● **TASK BRIEF**
An image-free reproduction of the data below is needed: print it exactly.

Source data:
────

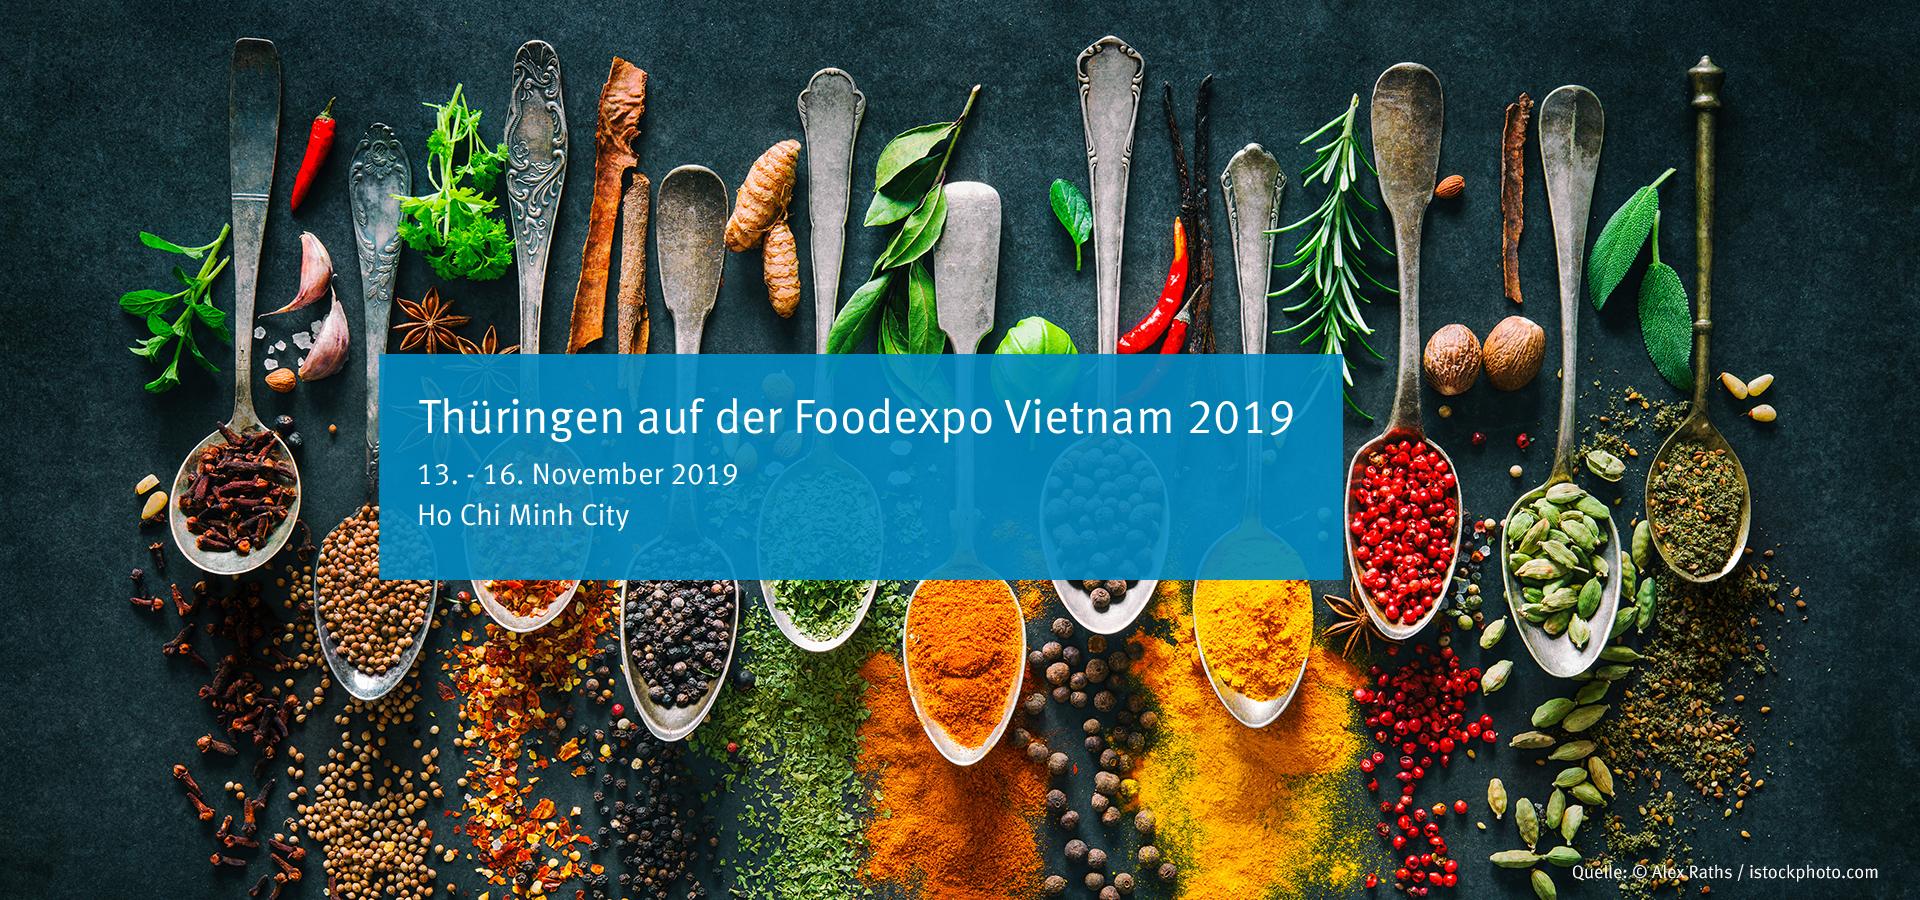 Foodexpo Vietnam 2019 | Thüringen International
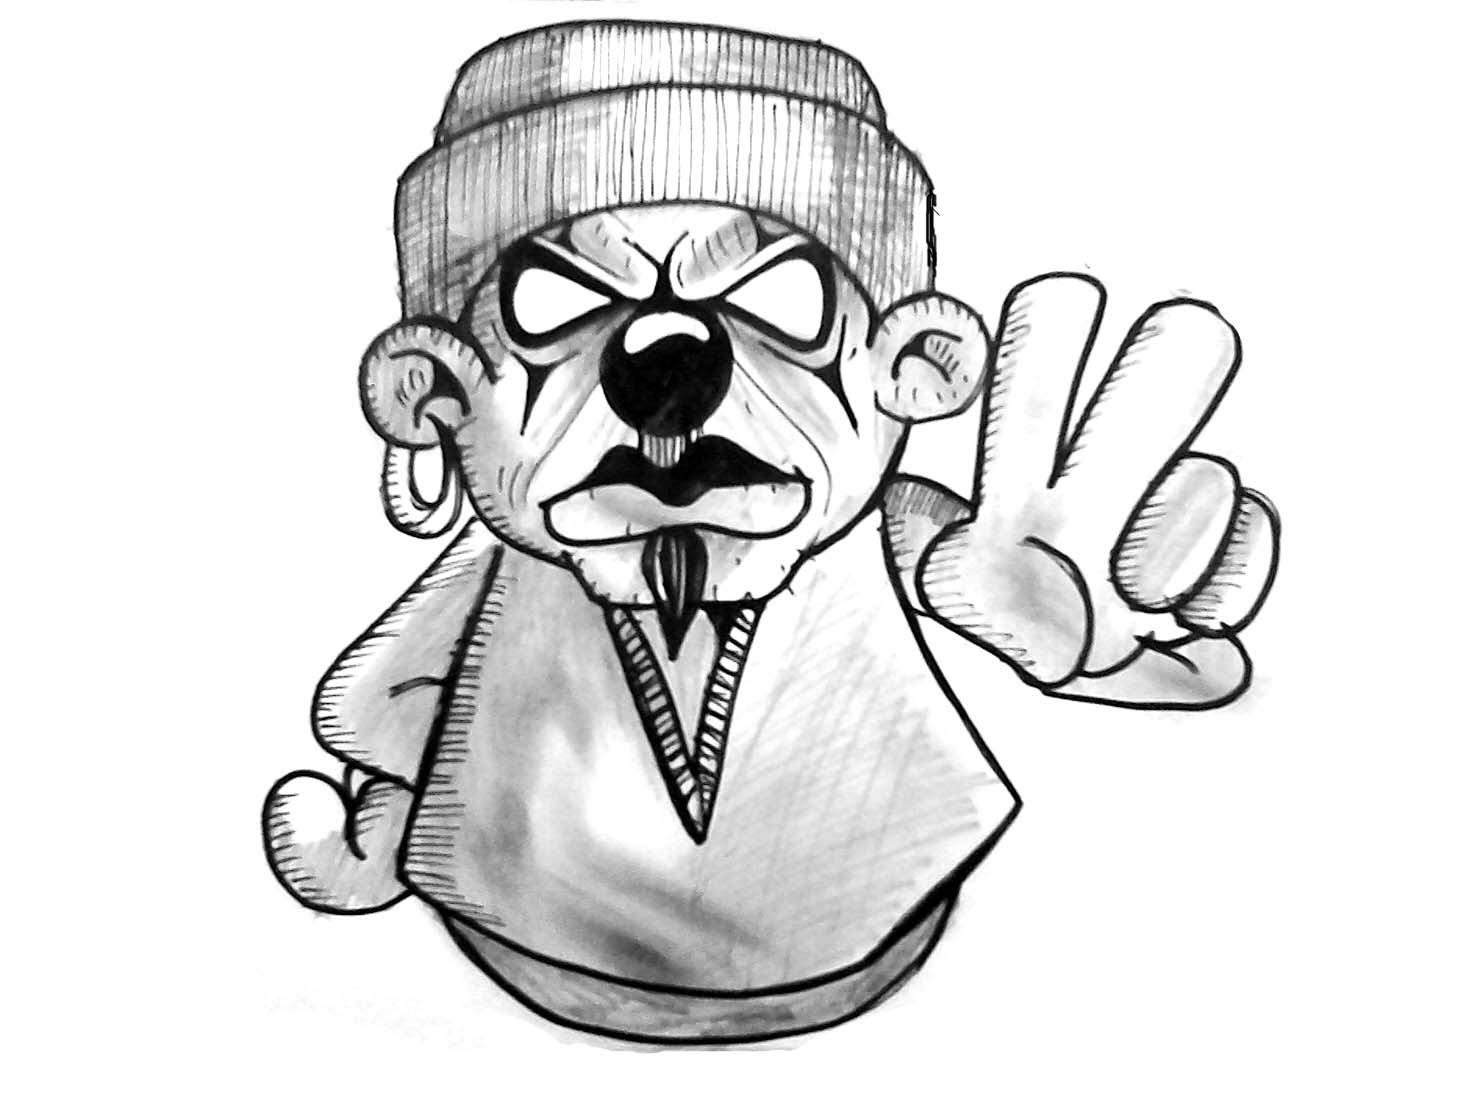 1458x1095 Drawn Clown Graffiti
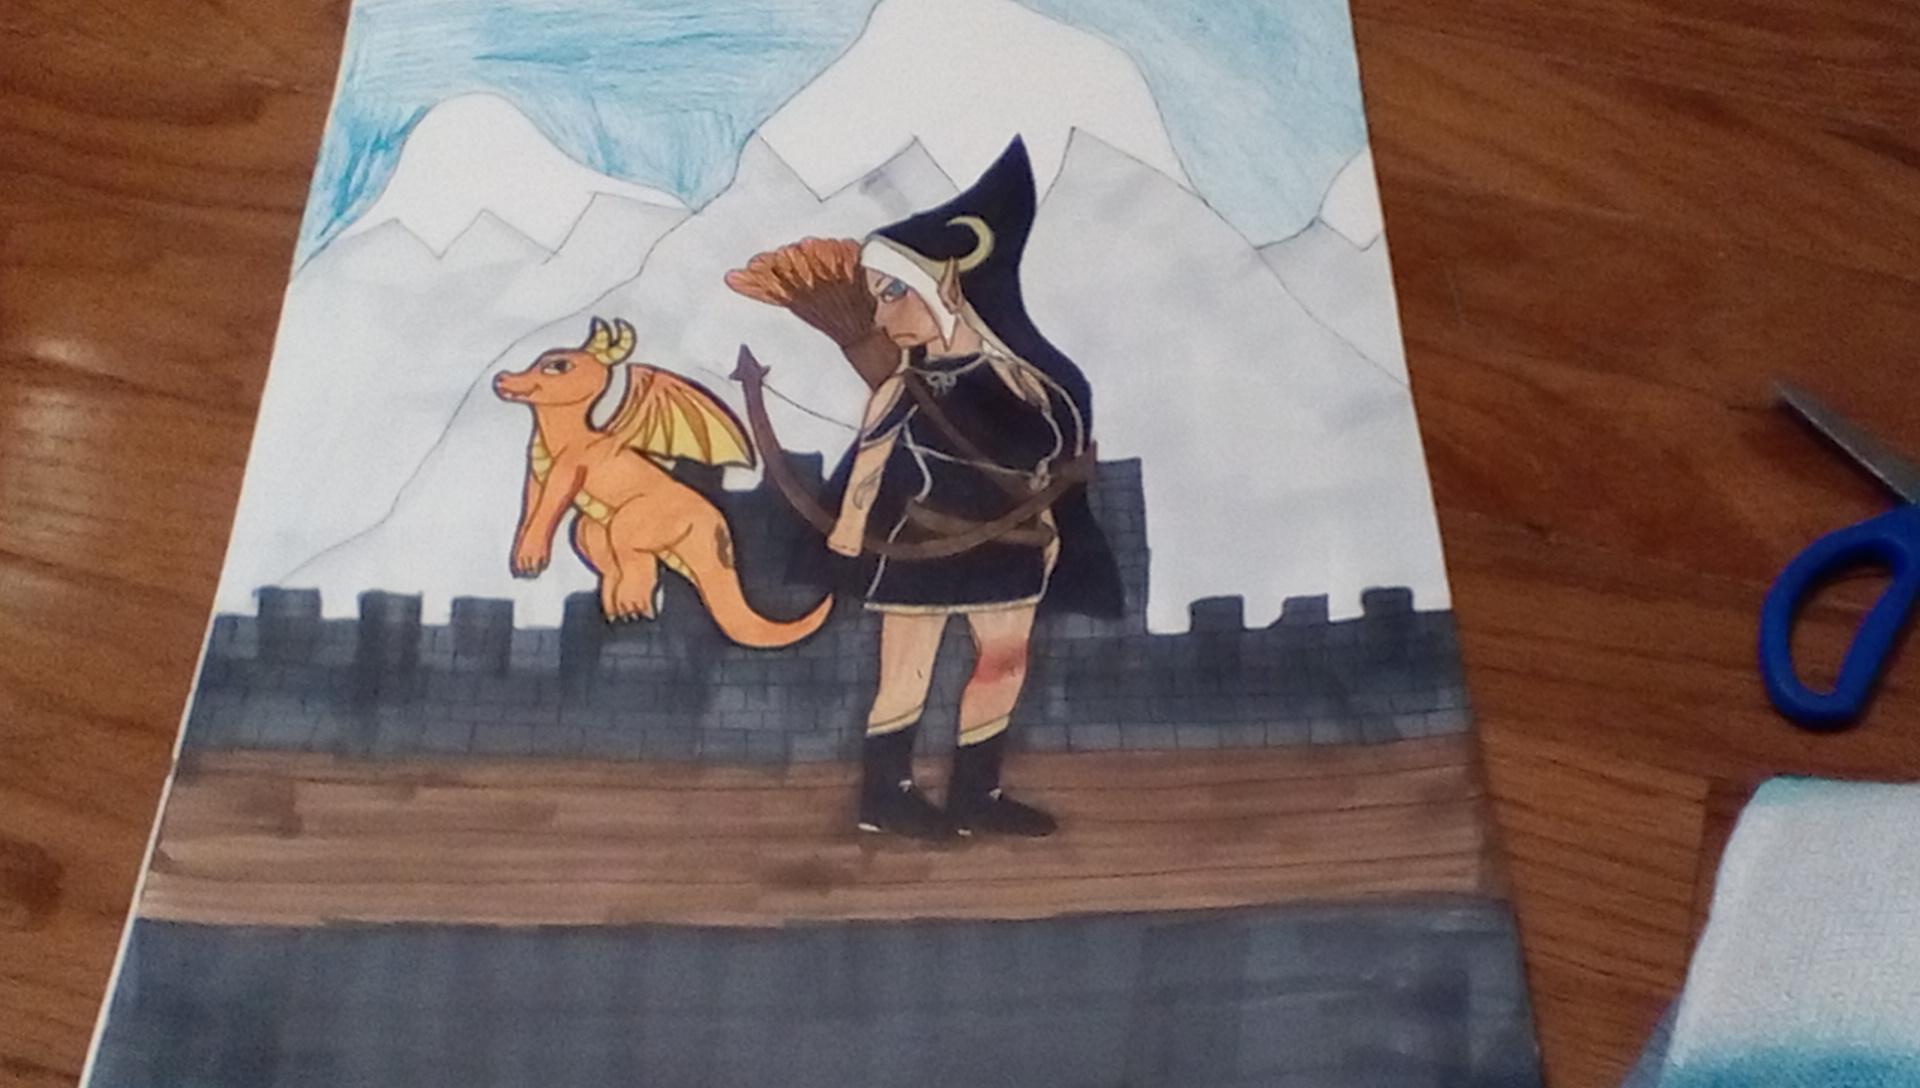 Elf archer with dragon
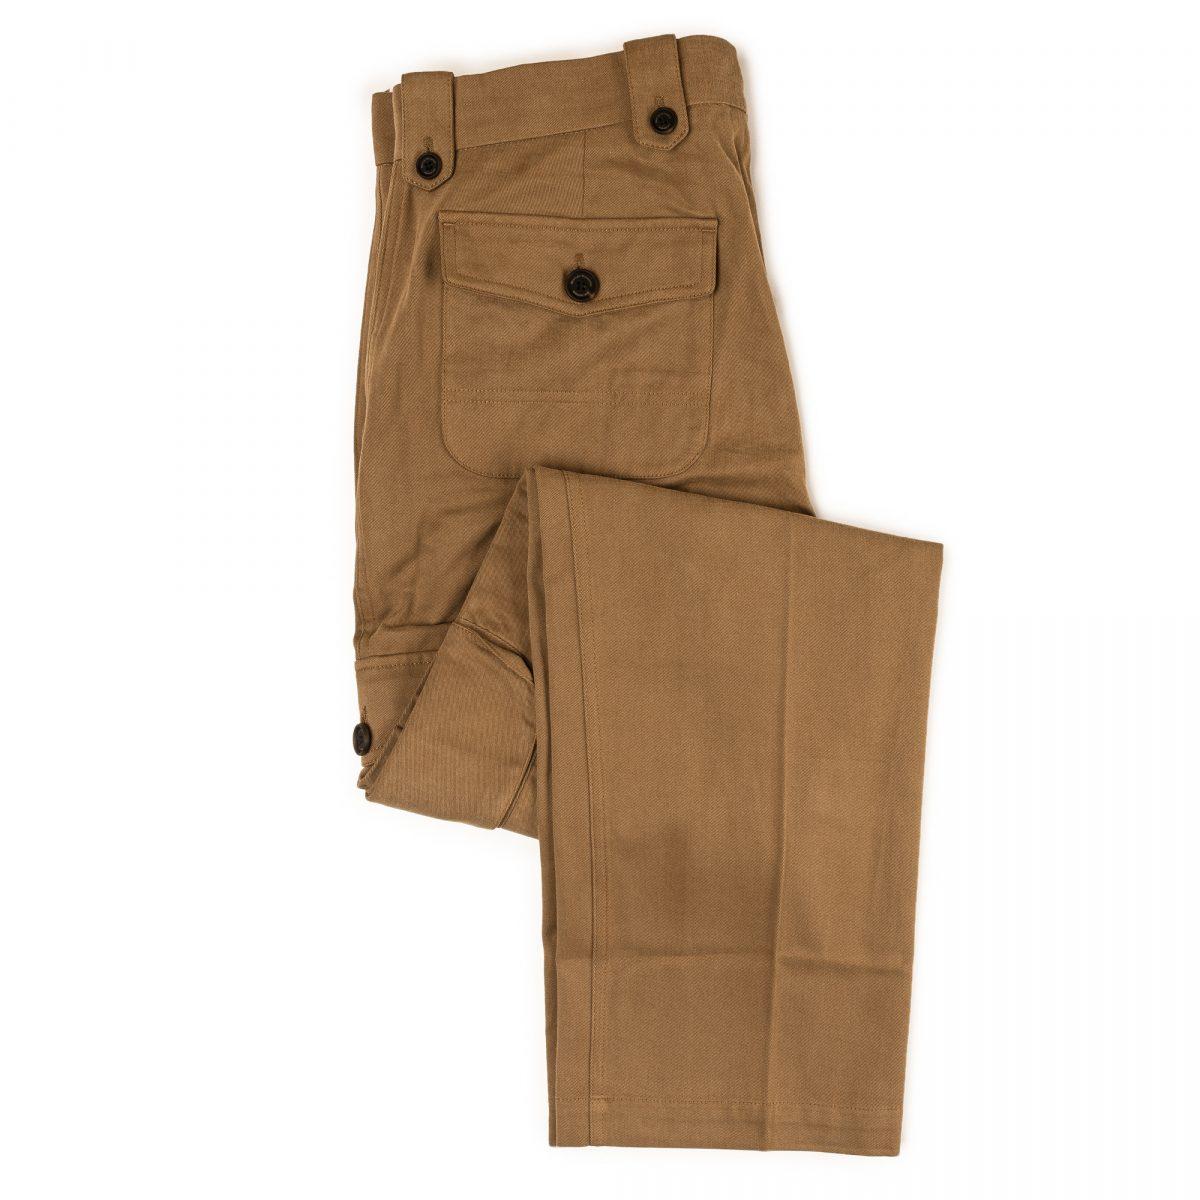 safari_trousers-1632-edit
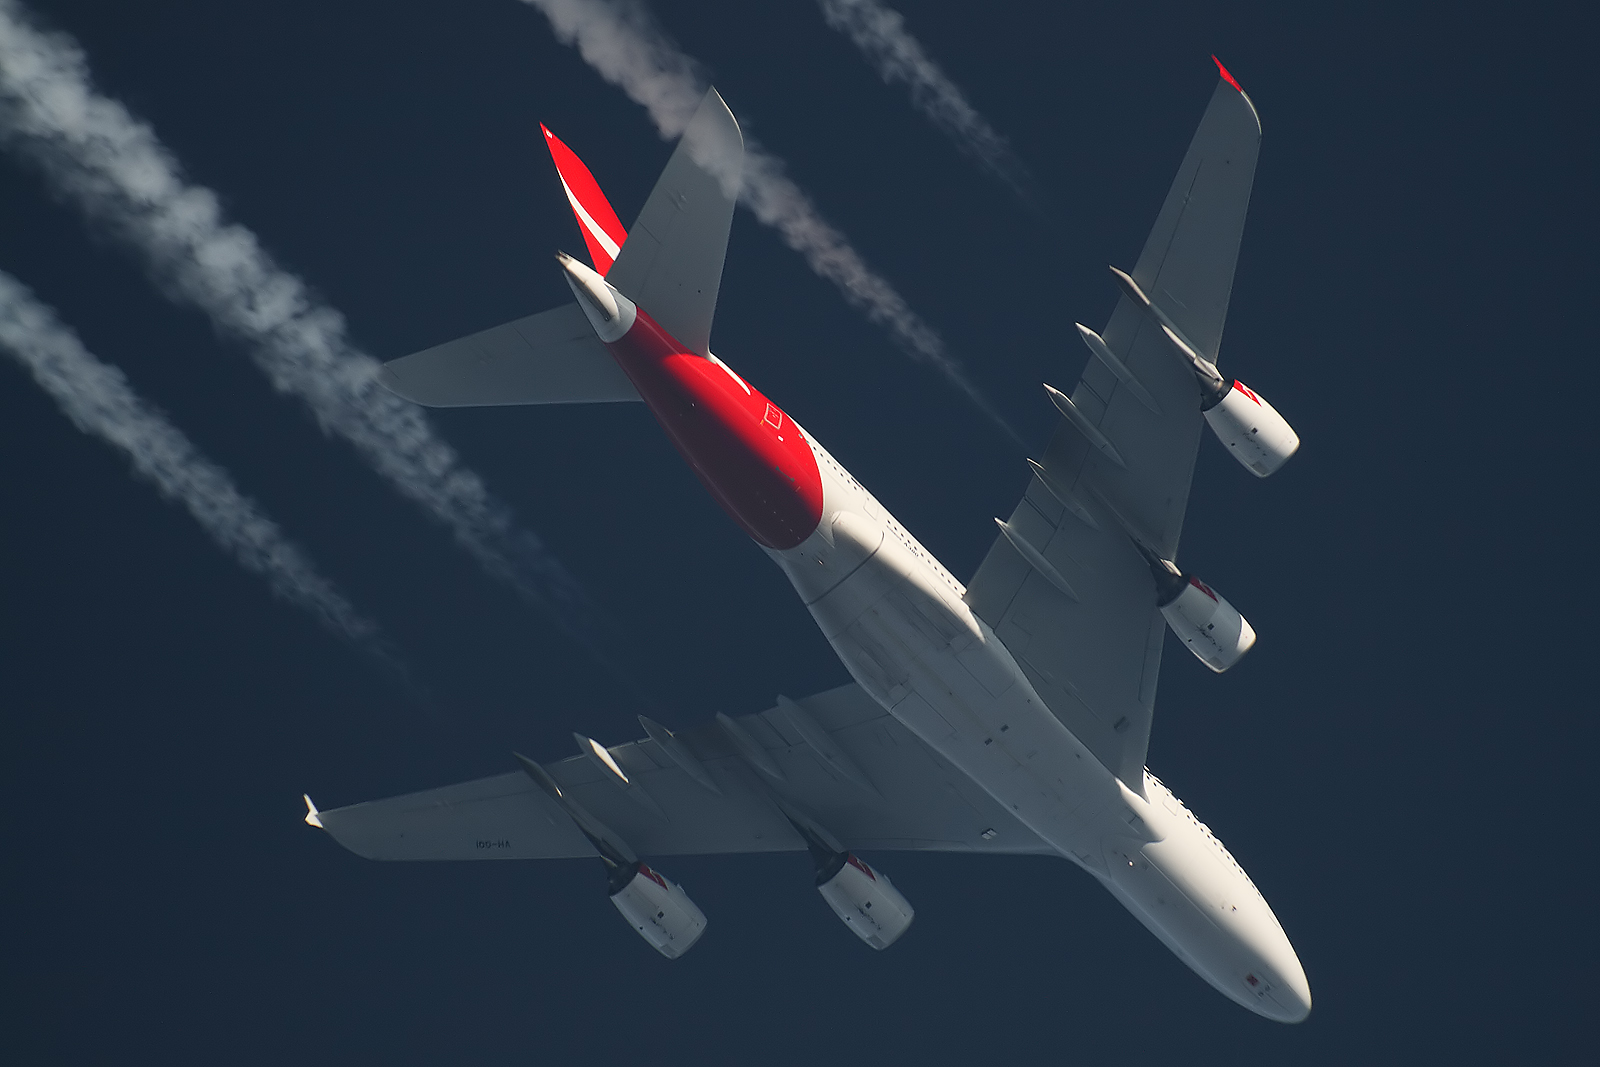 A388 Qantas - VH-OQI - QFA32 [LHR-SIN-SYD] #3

────

● **RESPONSE BELOW**
 Foodexpo Vietnam 2019 | Thüringen International
 1458x1095 Drawn Clown Graffiti
 Elf archer with dragon
 safari_trousers-1632-edit
 A388 Qantas - VH-OQI - QFA32 [LHR-SIN-SYD] #3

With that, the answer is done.